**EXERCISE**
Please give the lines below again exactly as they stand, from the one that contains "Pink Purple Mandala" up to and including the one that contains "FLAGA FLAGI POLSKA", leaving all pictures out.

(MATERIAL FOR THIS EXERCISE Opens)

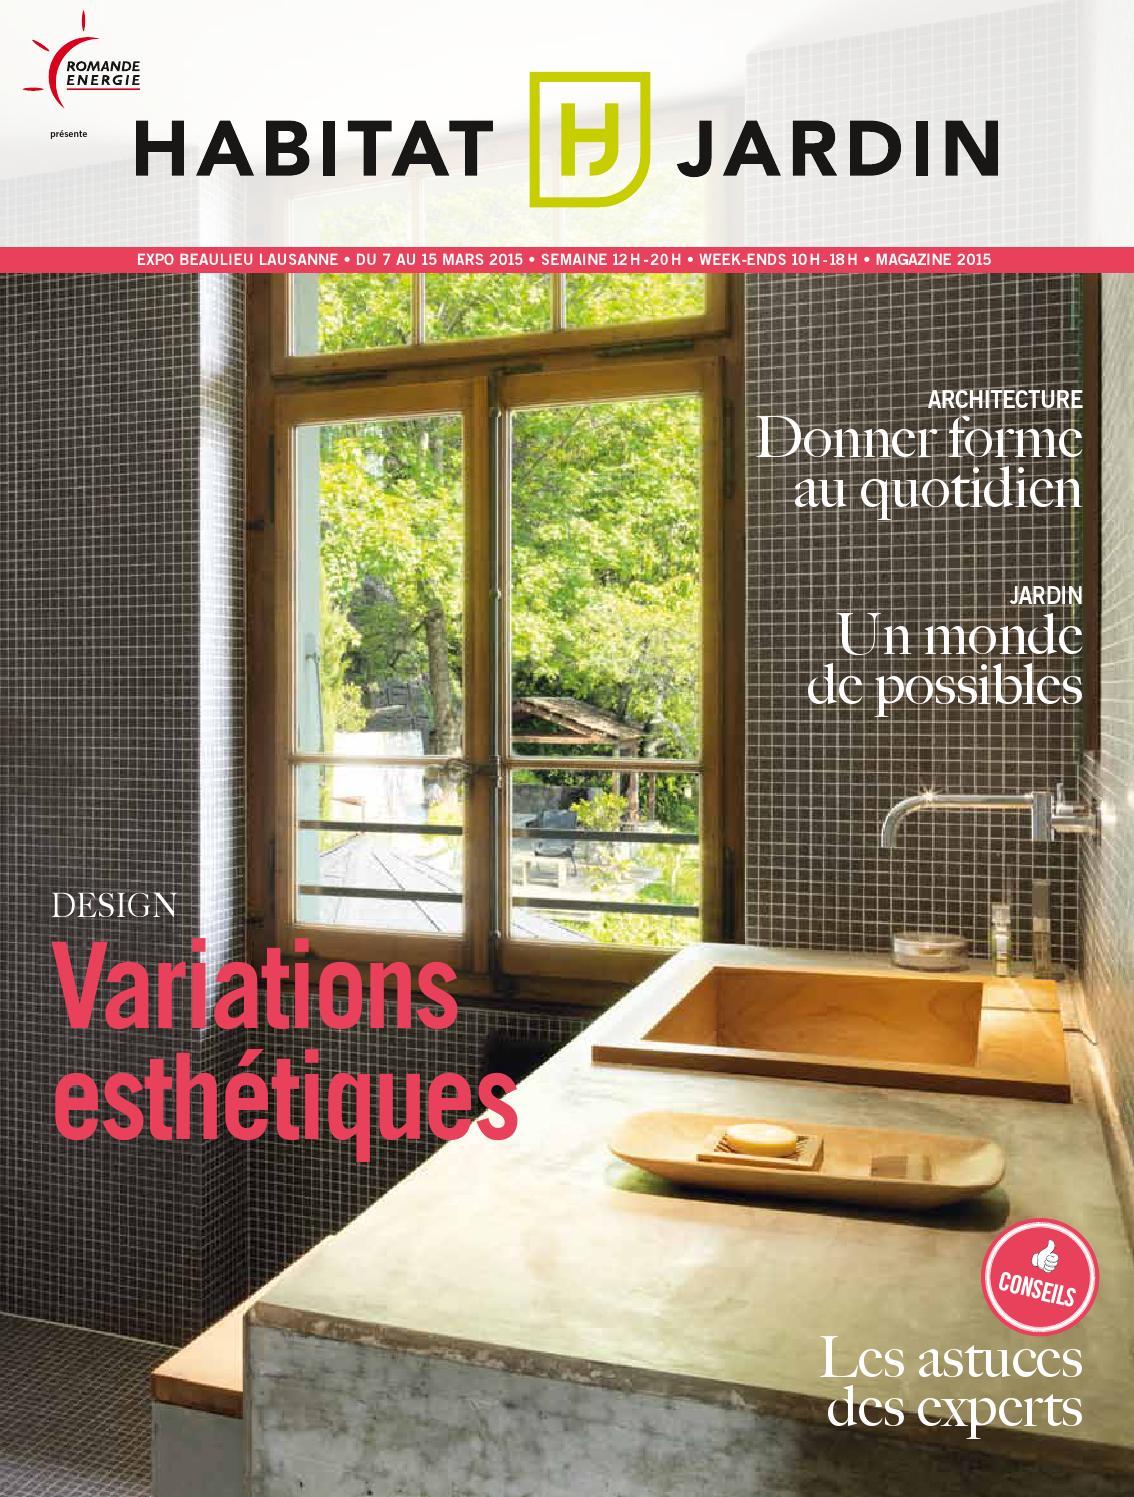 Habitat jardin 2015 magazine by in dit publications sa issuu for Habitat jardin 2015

(MATERIAL FOR THIS EXERCISE Closes)
(MATERIAL FOR THIS EXERCISE Opens)

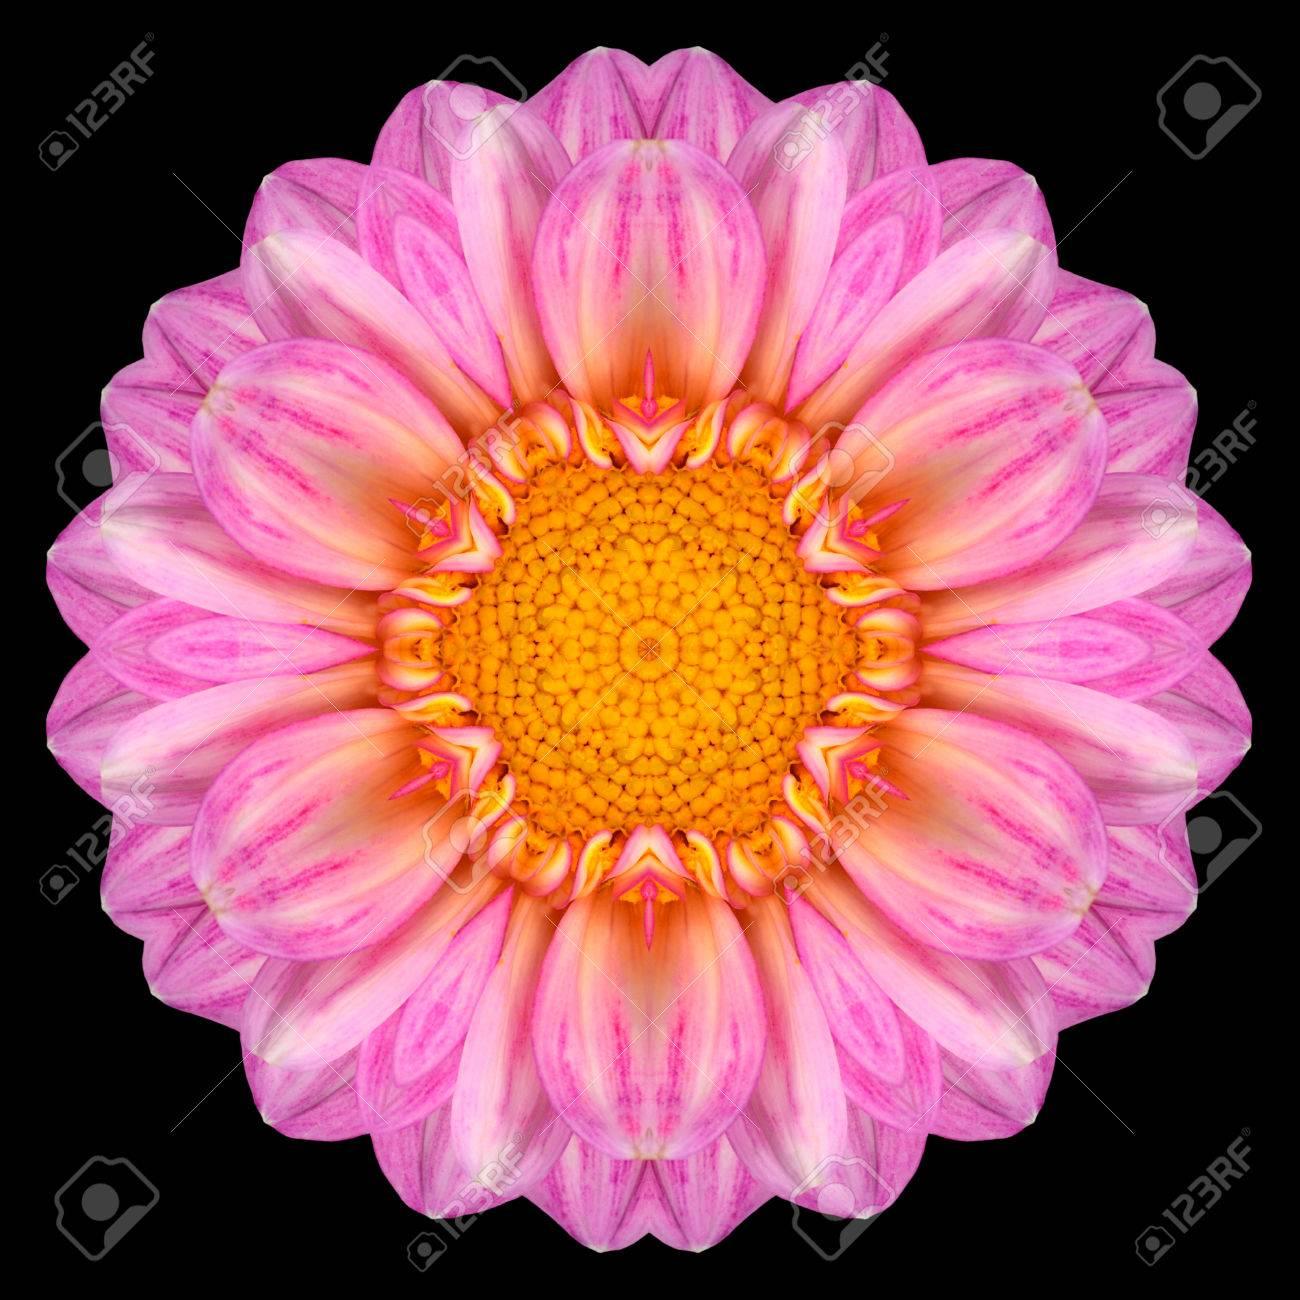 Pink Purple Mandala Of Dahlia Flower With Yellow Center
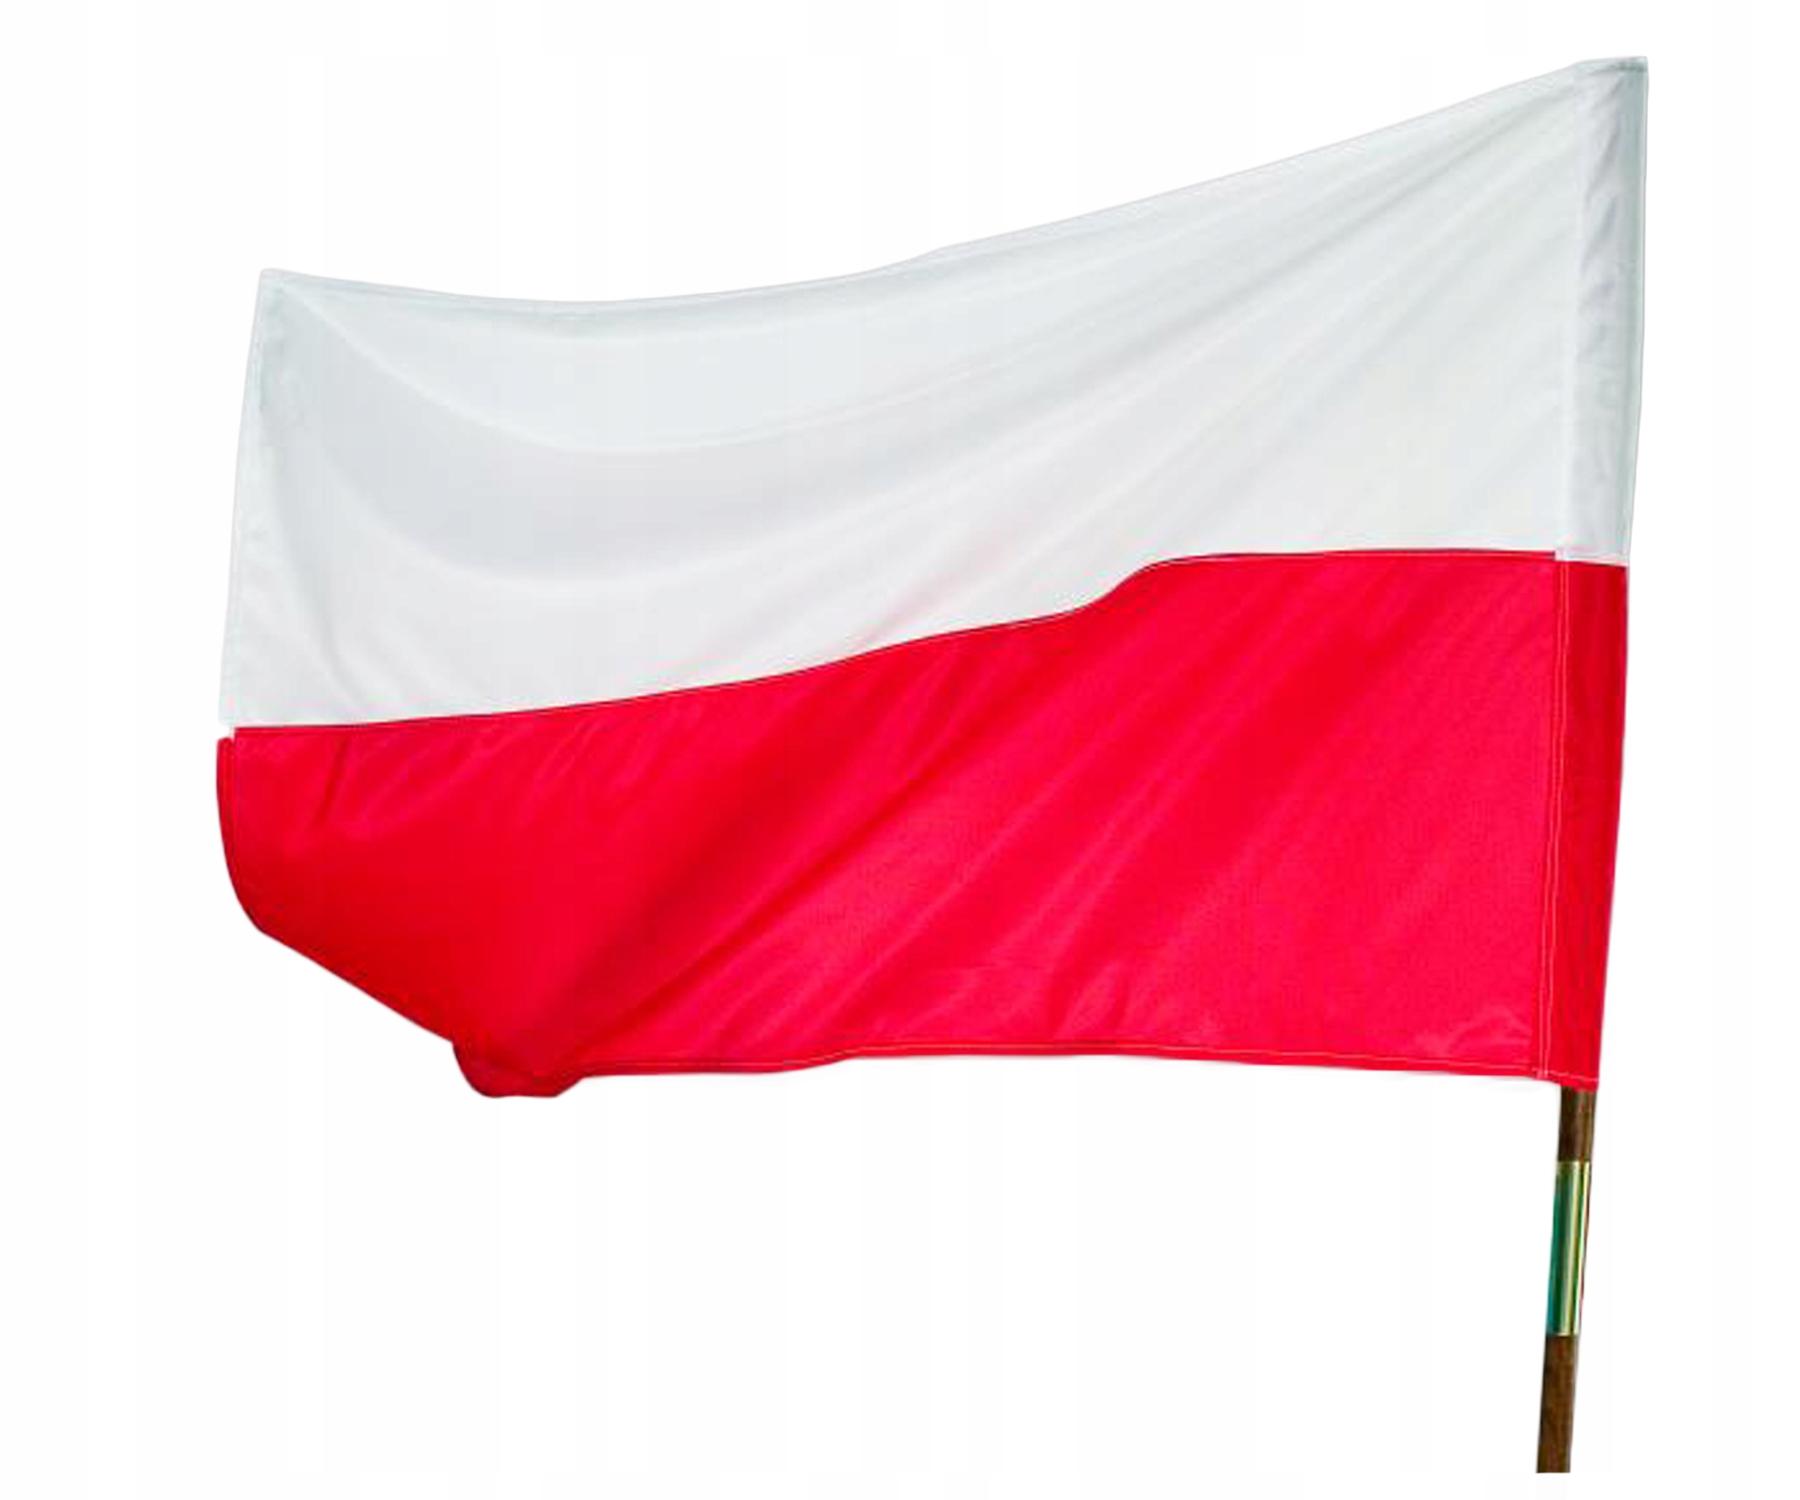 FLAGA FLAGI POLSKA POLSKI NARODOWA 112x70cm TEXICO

(MATERIAL FOR THIS EXERCISE Closes)

**REPLY TO THE TASK**
 Pink Purple Mandala Of Dahlia Flower With Yellow Center
 FLAGA FLAGI POLSKA POLSKI NARODOWA 112x70cm TEXICO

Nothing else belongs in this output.